Figure 1 shows the Quad tree representation of an area divided into different levels. If number of objects present in a specified region are more in number it can be subdivided into quadrants and added as a leaf nodes to the specific quadrant region. Quad tree is recursively decompose into sub quadrants of equal sizes to index the space data. Decomposition continues until each sub quadrant is fully occupied with image or no image. Each sub quadrant is referred as a leaf node. The non leaf nodes are relatively covering the image then they are further divided into sub quadrant. All these sub quadrant are sorted by space filling curves like Z order, Hilbert and piano in an order to index the data.
1.2 R Tree
R Tree is the basic index structure to store and access the spatial data. Each non leaf node is bounded with Minimum Bounding Box (MBB). Every MBB considered as internal node and stored as a sub tree in R Tree. Each MBB size is depending on the number of objects present in box and size of the objects in MBB. The R Tree average height is based on the tree index structure in the form of O(logN). B+ tree expansion of multidimensional space objects is R Tree. The main disadvantage of R Tree is overlapping of nodes and Minimum Bounding Rectangle (MBR). To overcome overlapping problem R Tree and maximize the searching capability in tree structure R* tree has been identified[3]. The overflow nodes are reinserted into R* tree and performance is improved better than R Tree. Still R* tree does not give a proper solution to overlapping between nodes. Individual structures will not have better performance to query operations. A hybrid structures of Quad and R Tree improves the performance based on certain area of quadrant and objects inserted to the nodes in the tree.
1.3 Hybrid indexed structure QR Tree
The hybrid data structure by combining of Quad tree and R Tree eliminates the problems in individual structures which occurred like overlapping and overflow of nodes. QR tree partitioned the whole space into small sub spaces of 2k (k is the number of dimensions of a given space). Each node in Quad tree is a node of R Tree. Every node is a internal or leaf node of R Tree in a space[4]. The following structures shows the space partition and QR structure of given objects in a space.
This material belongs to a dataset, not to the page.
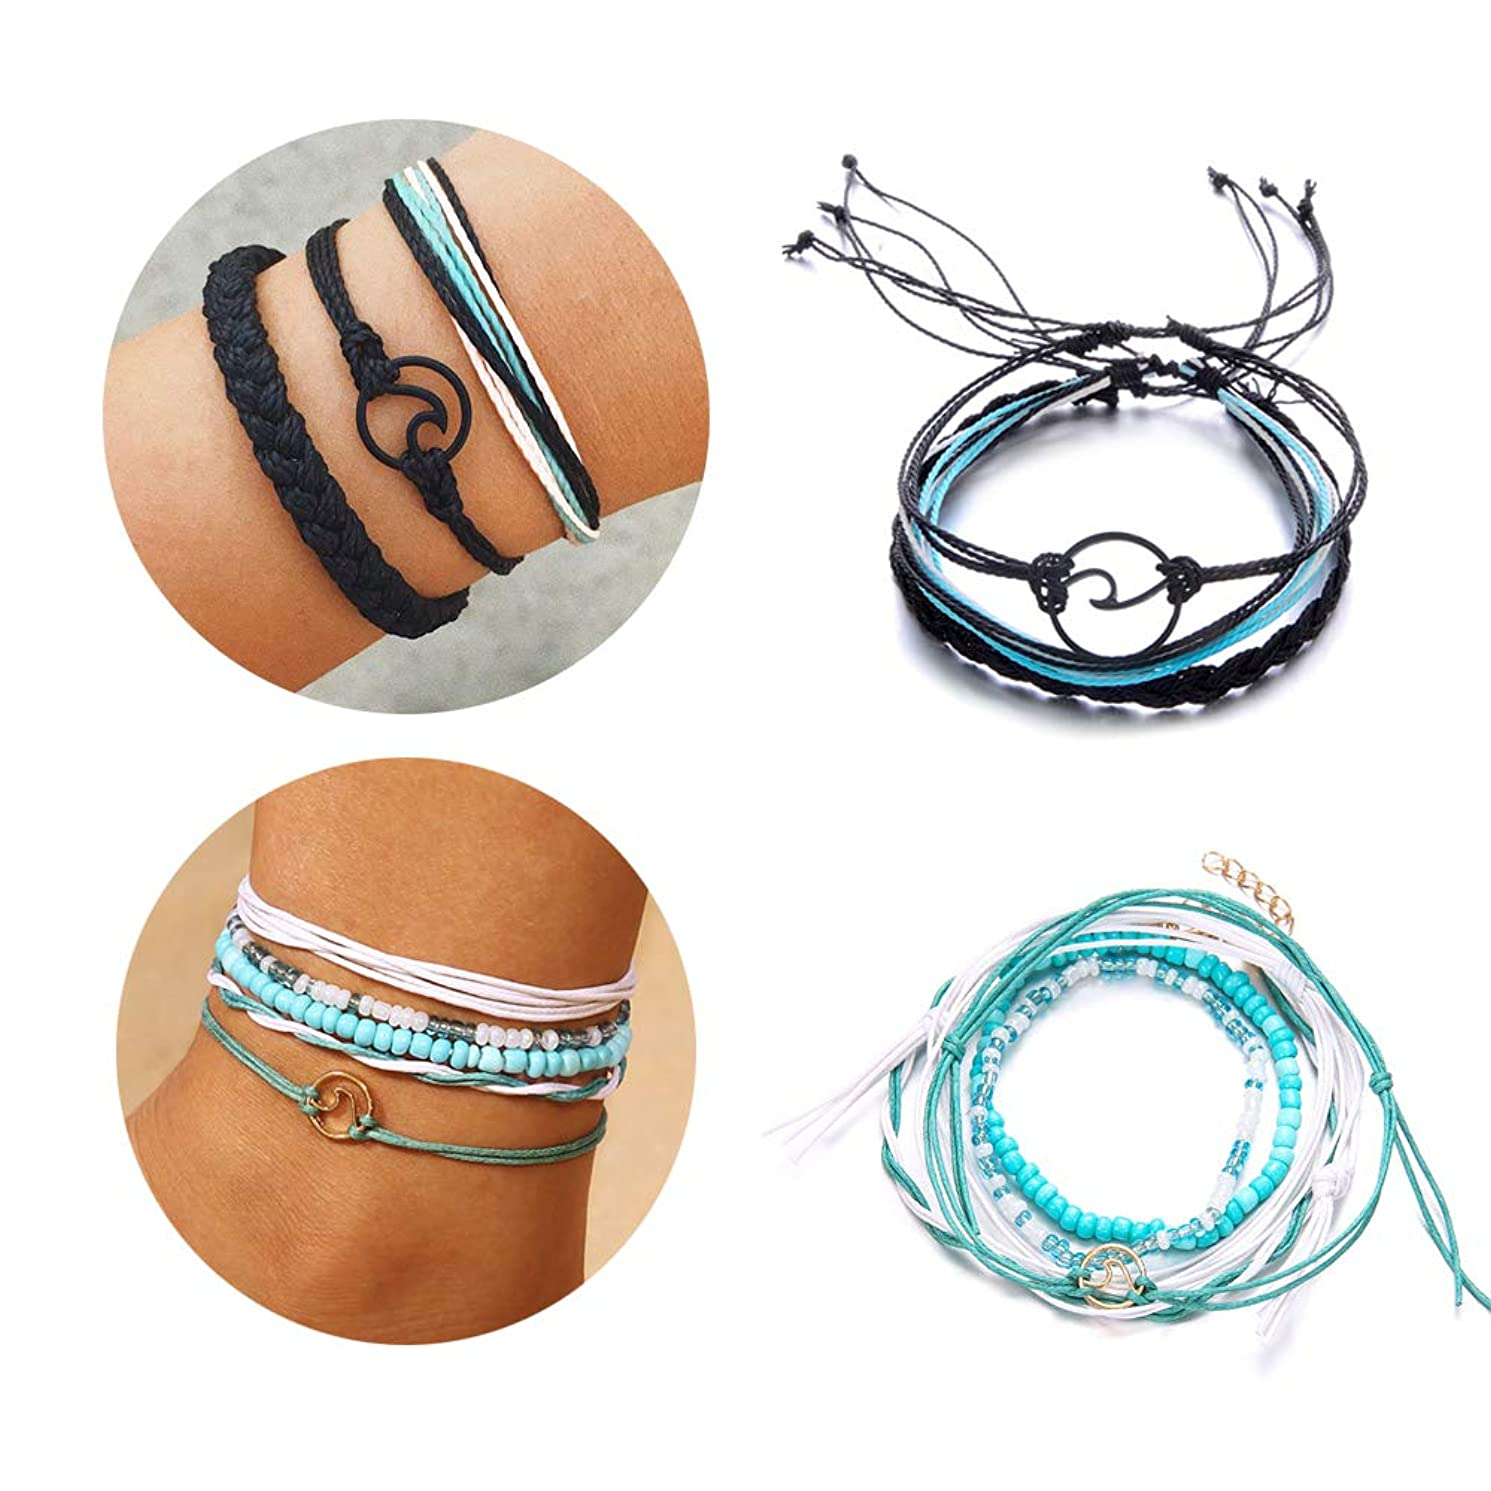 Q﹠YFH 2 Pcs Summer Surfer Wave Anklet Bracelet for Woman,Adjustable Waterproof Ocean Wave Braided Rope String Bracelet Set

Figure 2(a) and 2(b) shows the QR Tree structure in space partition and R tree notation. Many indexing structures were used QR representation in two dimensional space. For multidimensional data can be represented by Oct trees. Many variations of QR trees came into literature as hybrid index structure eliminates the problems which occurred in alone structures. Quad and R Tree structures generates hybrid organization of data indexing. Hybrid structures which includes multi-dimensional databases consisting many indexing methods like QR-Tree, QR+-Tree, QR*-Tree[5].
This paper provides description of section 1. introduction to QR structure, 2. Related work for the new algorithm, 3. STAQR tree data structure, insertion, deletion, and search 4. Experiment results analysis, 5. Conclusion and future work.